In the post-Disney EU, most eras simply don't have any detail, so you definitely couldn't call it either way as to whether either of the two situations was occurring (though again, the second one is so broad it's arguably always going on in all democratic societies - like I could argue it was true at literally all points of US history post-Revolutionary War, though I wouldn't want to because some of the people you'd have to argue for are pretty gross!). Even in the pre-Disney EU, most of the 4000 years between the Old Republic (where neither condition was meaningfully true, note!) and the Battle of Yavin was just a blank slate and we couldn't say either way. Indeed it would be safest to assume neither was happening, logically.

In the new, post-Disney EU, we only have significant detail on one period outside that of the decades around the Battle of Yavin, and that is the High Republic period, which is like 100 years before that. And in that period we definitely don't have either an evil empire, or a corrupt bureaucracy. The High Republic bureaucracy is somewhat inefficient and slow to react, but that's because it's democratic in a more genuine way that a lot of Western countries, especially the US, and is governing much of an entire galaxy. But it isn't meaningfully or significantly corrupt - and they actually make a point of this in the High Republic books. Rather the big challenge it faces is simply trying to govern such a vast super-nation full of diverse peoples. It actively tries to avoid being oppressive, which doesn't make that easier. And when I say slow to react, they do manage deploy stuff to save people within hours of a threat, more than once, and actually cause pretty huge problems for their adversaries (mostly a vast pirate fleet, which is definitely not fascist/imperial, rather more like an evil version of anarcho-syndicalism), but they're not great at anticipating threats and getting ahead of problems (partly due to overreliance on the Jedi, I would suggest).

It's basically rebels/republic vs an empire or Sith Vs Republic.

Disney's just keeping up tradition.
 

Please.

Bad tropes exist in fiction from all cultures, American, British, and everyone else too. And there is plenty of American fiction that doesn't rely on repeating bad tropes.

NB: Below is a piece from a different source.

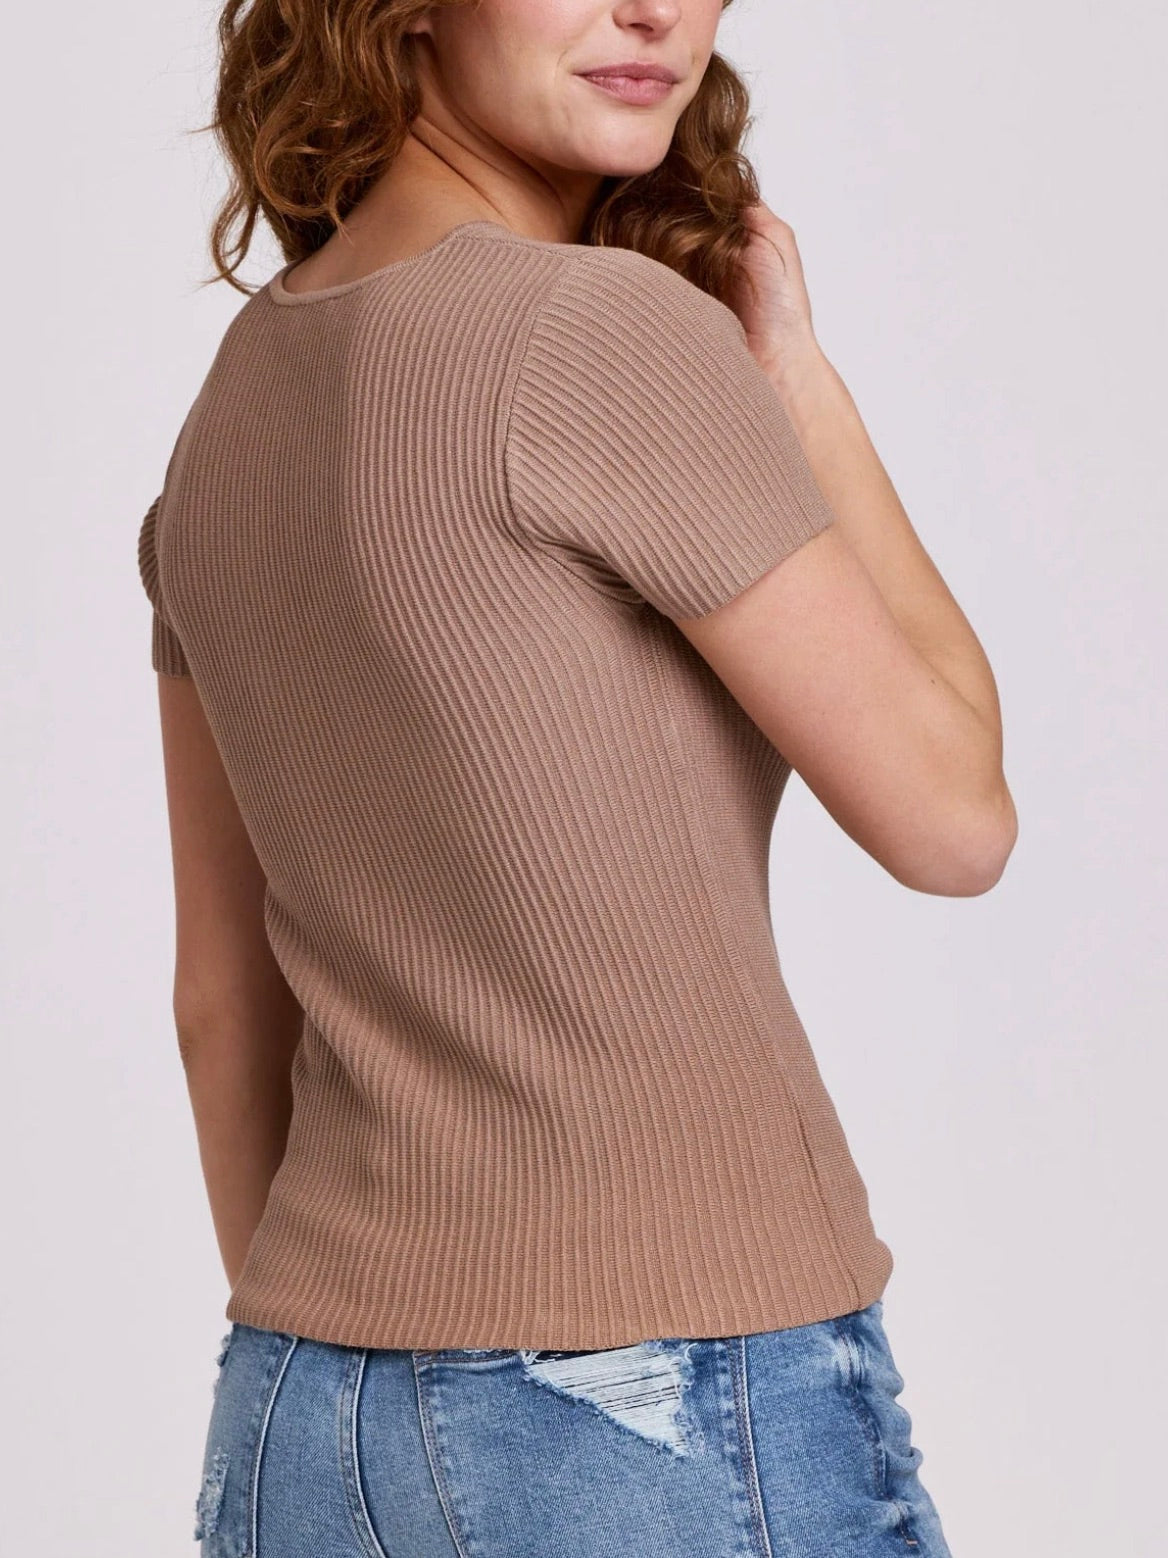 Lara Sweater Top

And of course, the existence of bad tropes doesn't necessarily mean the fiction itself is bad . . . I hear a lot of folks LOVE Star Wars, for example.
It's not really a "bad" trope. But, the individual vs the state is a pretty strong theme in most American literature. The idea that any group authority is automatically corrupt or authoritarian is a very common theme.
 

Could they not afford enough extras to make the city have an actual population?
It would depend on where they filmed the sequence. One of the reasons movies film in the UK, for example, is you can generally get lots of people to volunteer as extras just for the fun of it. But that wasn't the UK!